Thrust into the spotlight during Vicario’s absence, Kinsky answered with a series of performances that kept Tottenham alive. Big saves against Wolves. More against Leeds. And again against Everton, where he denied the hosts with a crucial stop late on in a game Spurs largely controlled.
“He has been incredible, impressive, he did unbelievably well,” Vicario said. “In every game it was not easy. Now it’s easy to say but I was sure of his mental strength and ability.”
That mental strength became his calling card. Where others might have shrunk, Kinsky grew. The horror of Madrid became the fuel for a run-in defined by resilience.
“That’s the biggest strength he can put on the pitch,” Vicario added. “I’m very proud of him, he made some really important saves to keep us in the league and he deserved his moment. Sometimes football is downs, I think he had the brilliance to show his ups. Especially in the last two, three games. He did unbelievably for us.”
De Zerbi’s imprint
De Zerbi’s reputation has long been built on his attacking ideas, his insistence on brave football and intricate build-up. Tottenham needed that. They had been struggling to play anything resembling “good football”, as Vicario put it.
But survival demanded more than style.
“Roberto has been massively important for us. He changed everything. He changed all the mood, all the vibes, all the football as well,” Vicario said. The shift was not just on the ball. It was in the way Spurs defended, the way they controlled games without it turning into chaos.
Against Everton, that new steel was obvious. Tottenham conceded just one shot of note in 95 minutes, the late effort Kinsky clawed away. For a side that had spent much of the season looking fragile, it was a stark contrast.
“He is probably known very well for the football he wants to play but also the defensive phase since he came in has been unbelievably good,” Vicario said. Both sides of the game, sharpened. Both sides of the squad, engaged.
“Also the boys, everyone who was playing or not playing followed him in a great way,” Vicario added. “That is of course the credit he deserves, and I can say without him this result would not have been possible. I want to thank him from the bottom of my heart because we were suffering a lot and he gave us a lot of joy in every aspect.”
A different Tottenham on the horizon
Vicario himself has been linked with a return to Italy and Inter Milan, but his focus, for now, is recovery and what comes next. “Not 100 per cent fit but in a better place,” as he put it, he now has a crucial break to get fully ready for the new campaign.
He is certain the supporters have reasons to look forward rather than over their shoulders.

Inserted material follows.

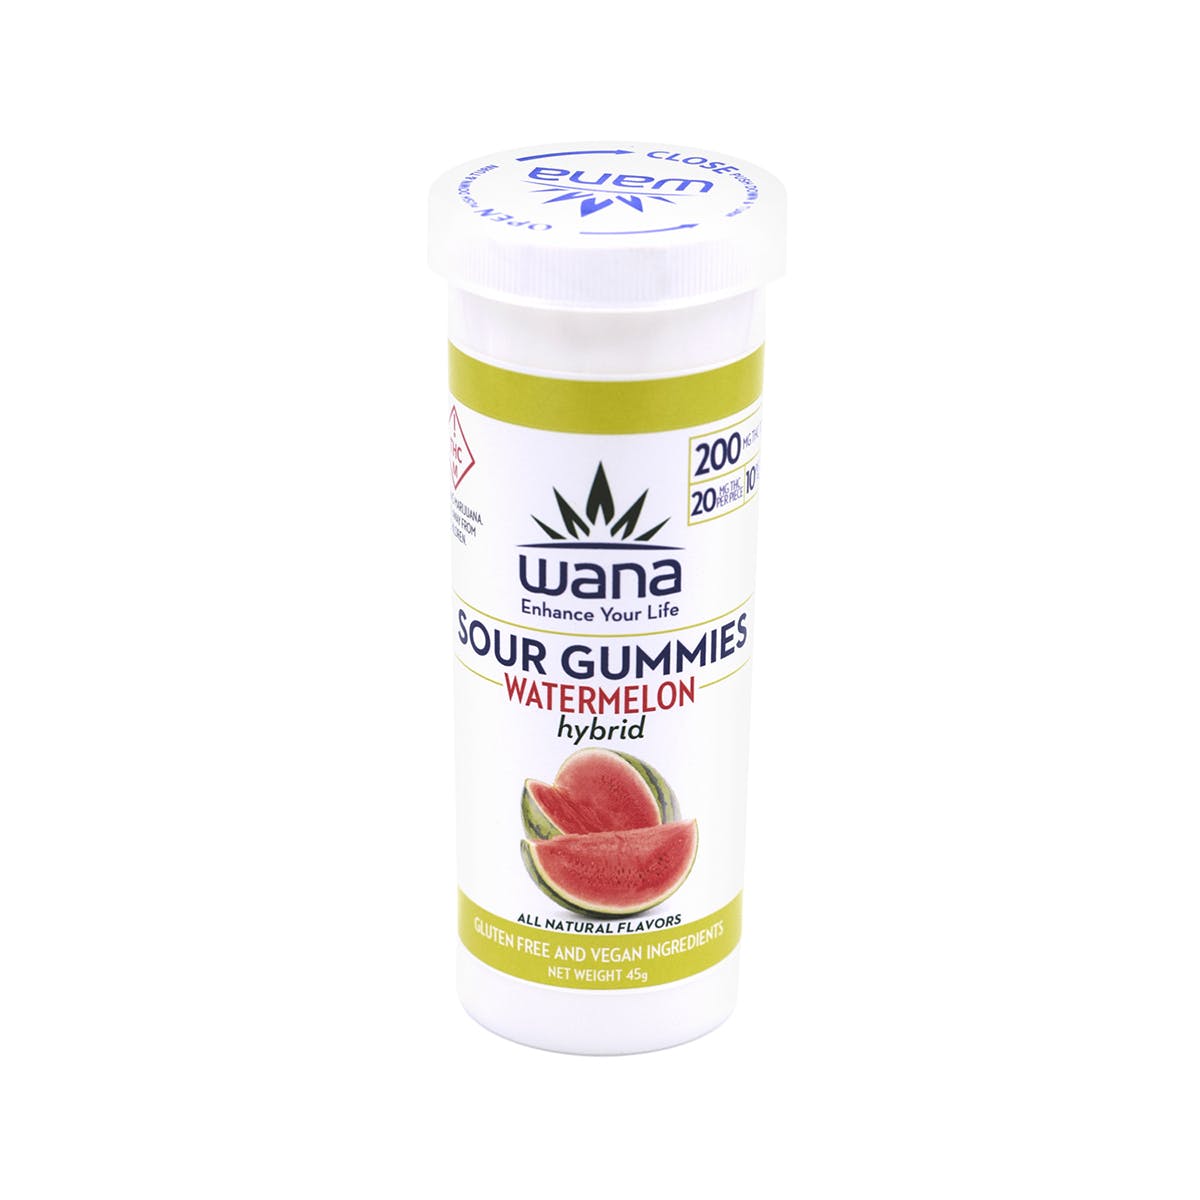 marijuana-dispensaries-the-herbal-center-broadway-rec-in-denver-watermelon-sour-gummies-200mg-hybrid-med

“Yeah of course we are [excited],” he said. “From next season there will be a different Tottenham Hotspur for sure.”
The escape is complete. The scars of this season will not disappear overnight, and neither will the memory of how close Spurs came to disaster. Yet in De Zerbi they have found a coach who has already shown he can drag a wounded side back to its feet.
The question now is no longer whether Tottenham can stay up. It is what this version of Tottenham, rebuilt in De Zerbi’s image and hardened by survival, might dare to chase next.